Top of Recorded information

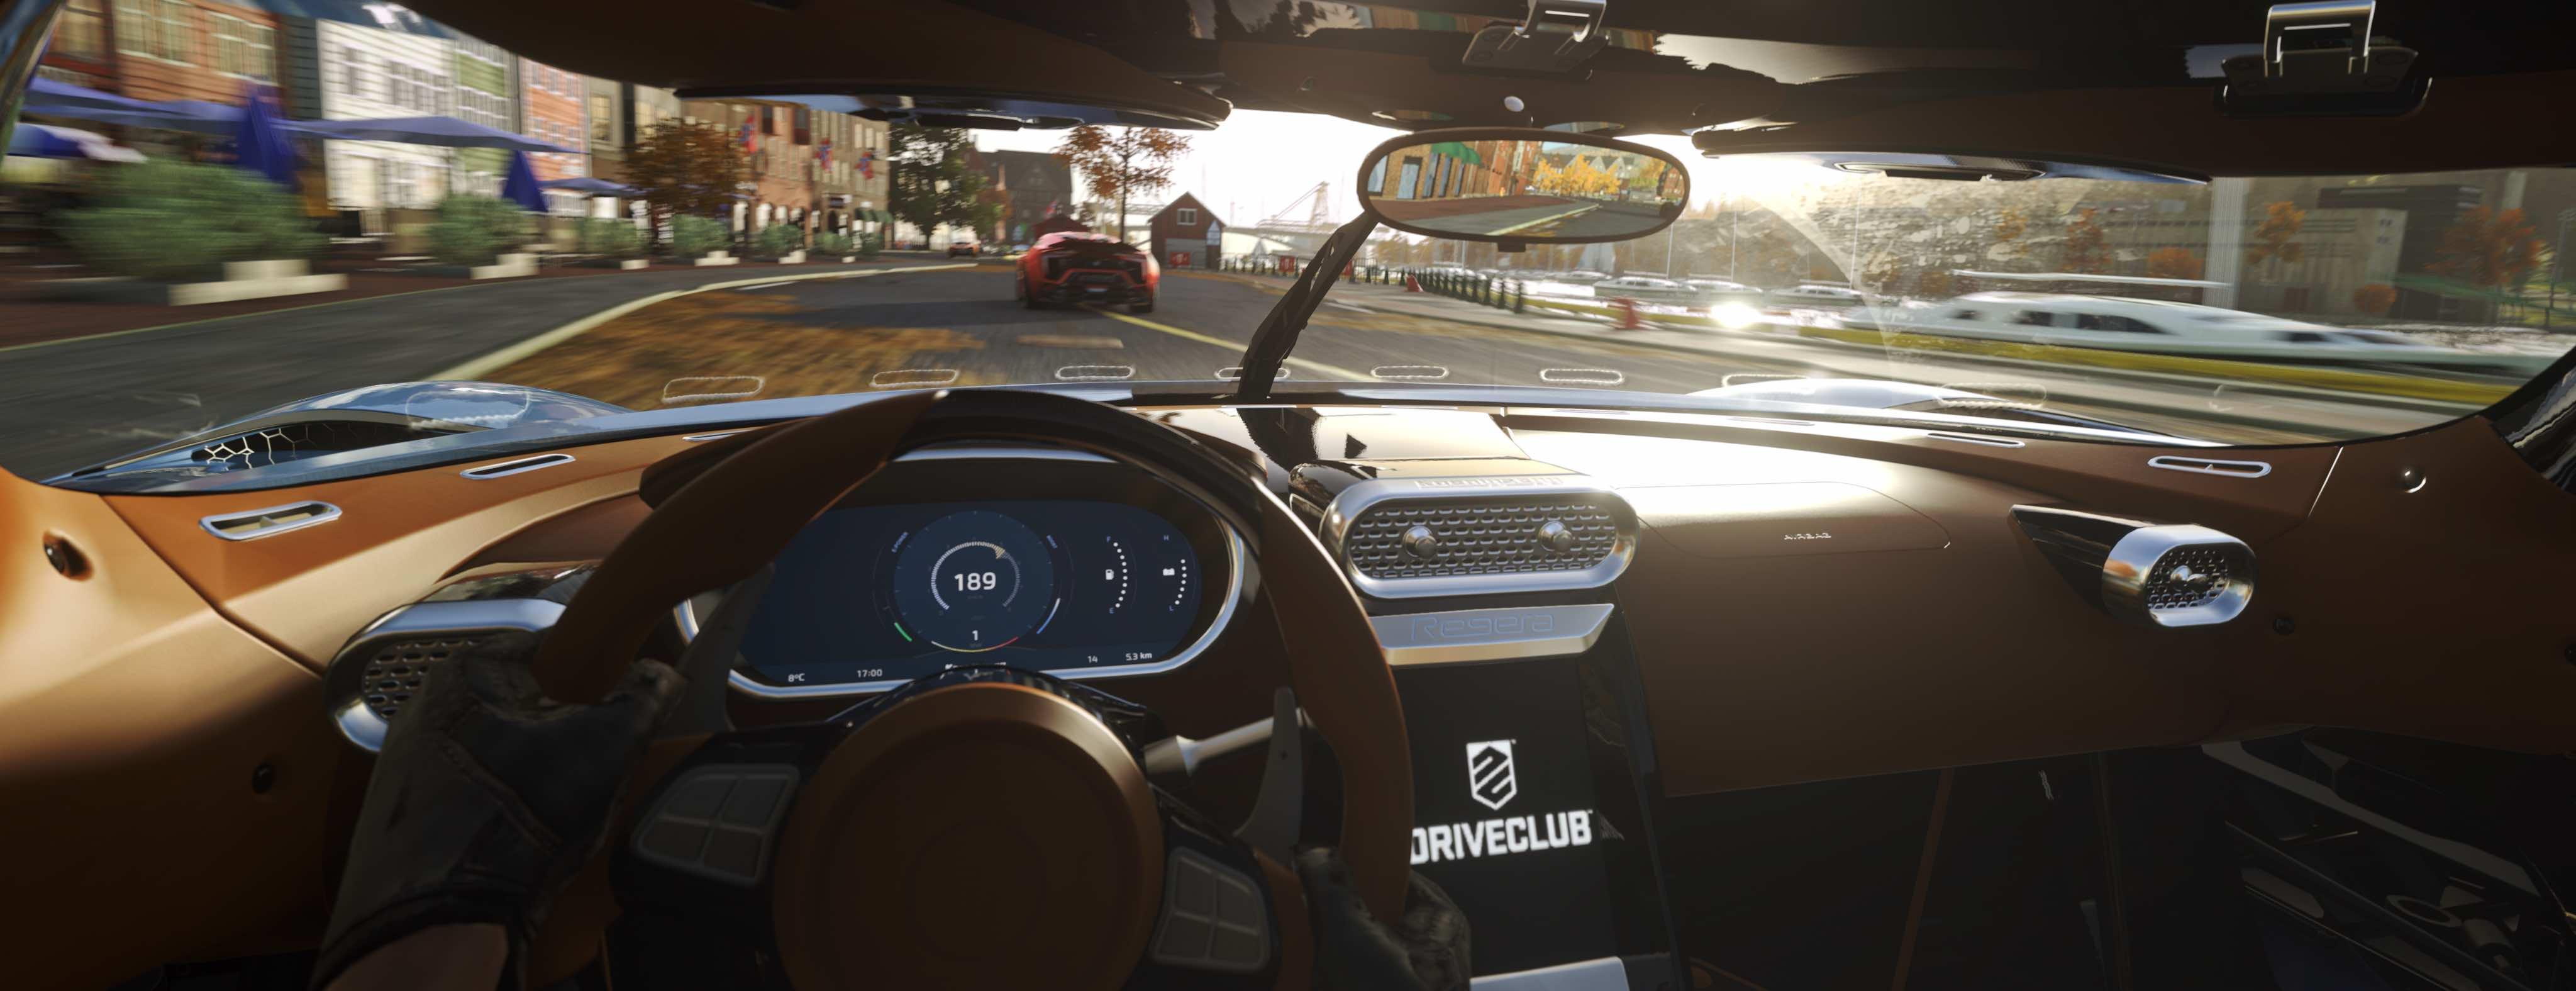 Driveclub_VR_2
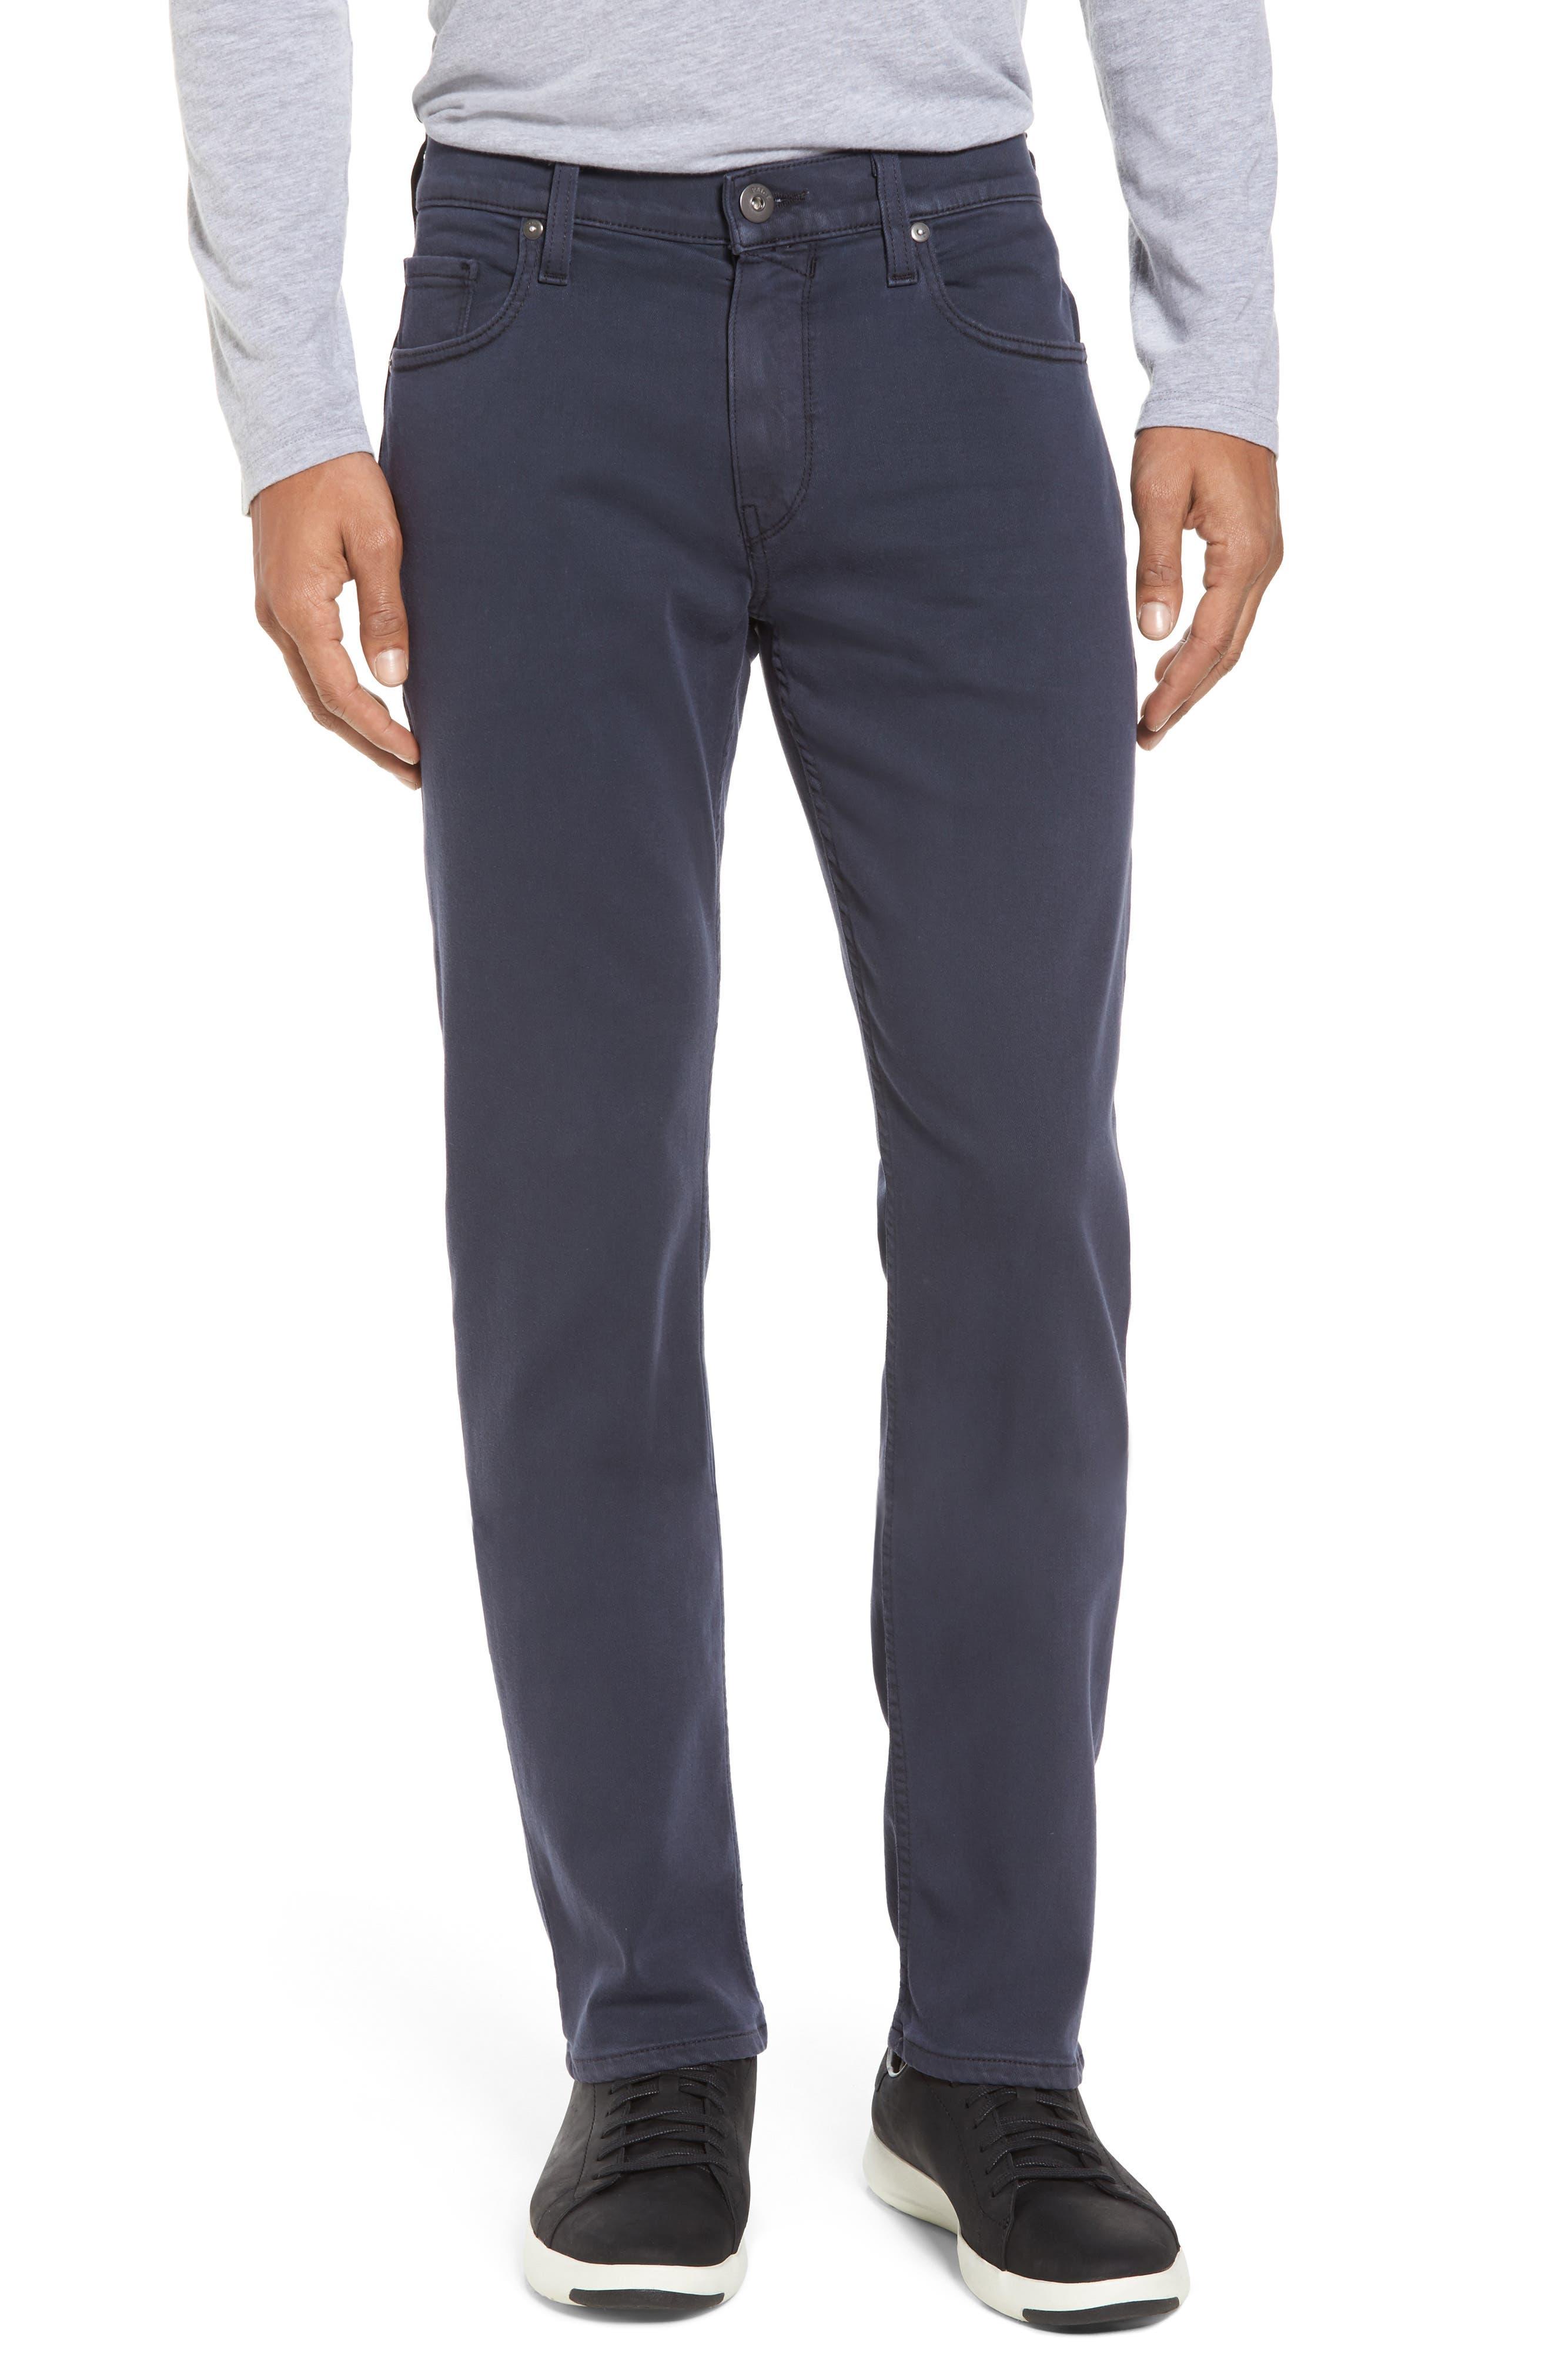 Alternate Image 1 Selected - PAIGE Transcend - Federal Slim Straight Leg Jeans (Vintage Deep Sea)
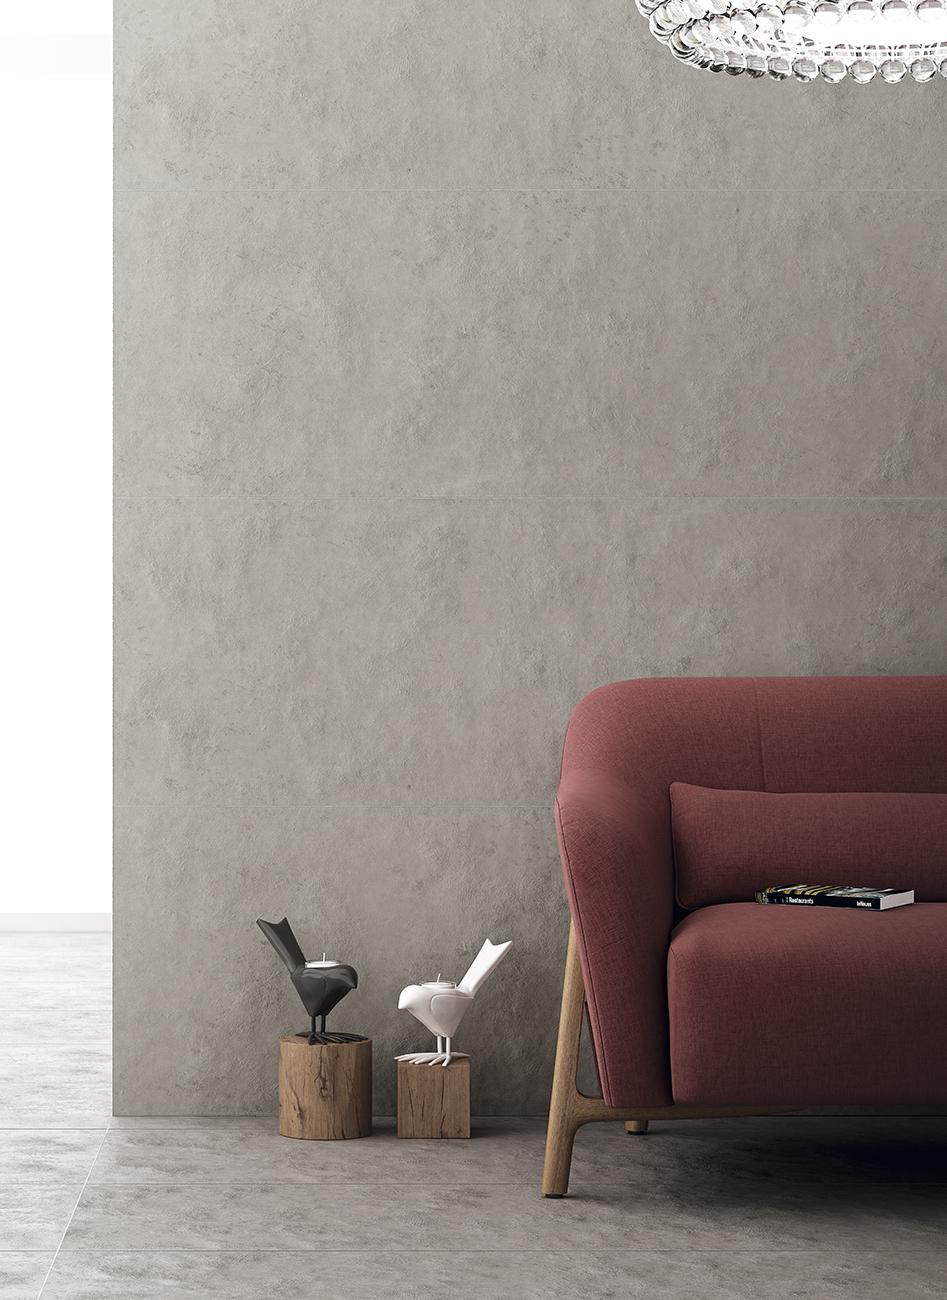 amb-living-ceramics-strato-grey-01-gallery.jpg

Bottom of Recorded information

From the line that holds "Alternate Image 1" to the last line of the data, return those lines exactly and nothing else; both ends count, and pictures stay out.

**Solution to this task**
 Alternate Image 1 Selected - PAIGE Transcend - Federal Slim Straight Leg Jeans (Vintage Deep Sea)
 amb-living-ceramics-strato-grey-01-gallery.jpg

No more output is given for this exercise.